A child’s first visit to the dentist should occur between the age of two or three or even earlier if something appears abnormal to the parent.
For the young child, the first dental visit should be a pleasant, exciting, rewarding experience. We want to make it this way for your child and it doesn’t just “happen”. We take special care in how we introduce a youngster to our office and we make the following suggestions to parents to assist us in making this important first experience a pleasant one.
- Very young children are upset by the vague fears of the unknown. Too much preparation will magnify these fears, so don’t overdo. It is usually best to tell your child about his first visit the night before, treating it as a normal experience to look forward to.
- Be natural and easy-going. If your child asks for more information, explain that the Dentist will be looking at their teeth to see that they are clean straight, and pretty and to see what a nice job your child does in brushing. Anything else, the Dentist will explain when he sees you. Such procedures as cleaning, X-rays, and fluoride application, when properly presented by myself and my staff, usually prove to be part of any exciting, interesting and happy occasion.
- Do not give your child instructions on how to behave (such as telling your child not to cry, or that they must sit still in the chair, or must be good, etc.) Do not promise bribes. Do not promise rewards.
- The younger the child, the more important to schedule the visit early in the day. Make appointment days easy. See that your child is well rested. Don’t make other appointments (such as pediatrician or barber) before your dental visit.
- If you do anything “special”, dress up for the visit. Nothing will increase the expectation of a pleasant experience as much as “getting ready” in good clothes.
In short, treat the first dental visit as a normal part of being a child. This approach will enable your child to view this visit as an opportunity to meet some nice people who are interested in their smile, comfort and well-being.

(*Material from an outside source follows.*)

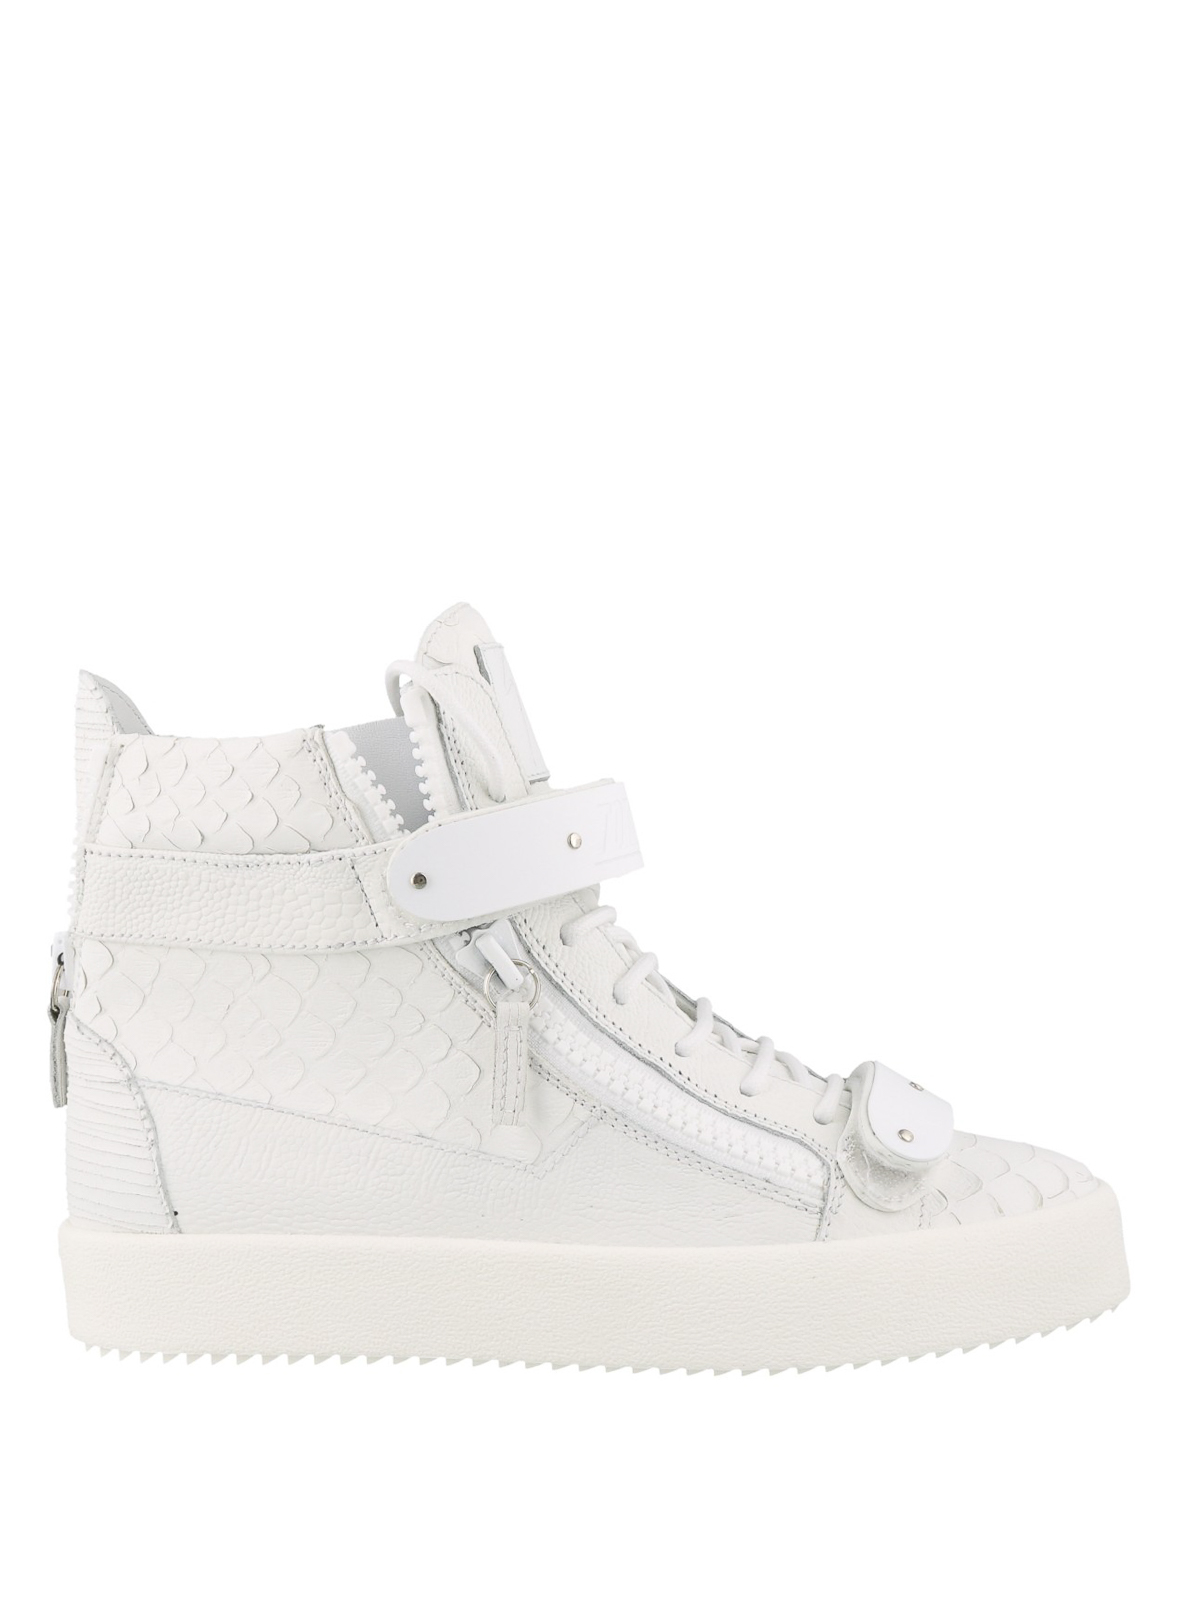 Trainers Giuseppe Zanotti - Coby white leather high top sneakers ...

Parents in the Treatment Room
Parents are encouraged to come into the treatment area only on the first visit. This allows you to see where your child will be treated. Sometimes, depending upon the age of your child, they may request to come back alone.
On the remaining appointments, the parents will remain in the reception room. Exceptions are made for handicapped children. We have found, and studies substantiate this, that children tend to do better in the dental situation separated from their parents. This allows the child to solely concentrate on what the dentist says. Likewise, it allows the dentist to concentrate on the child.
Radiographs (X-Rays) are necessary in order to ensure that nothing is missed during your child’s exam. They detect more than just cavities; they can allow our dentist to diagnose and treat conditions that will not be detected during a regular dental examination. This will help us discover potential problems at the earliest possible stage and prevent them from turning into big problems later. Using digital X-rays significantly limits your child’s exposure to radiation in order to keep them safe.
The American Academy of Pediatric Dentistry recommends that your child gets X-rays, cleanings and an exam every six months to a year.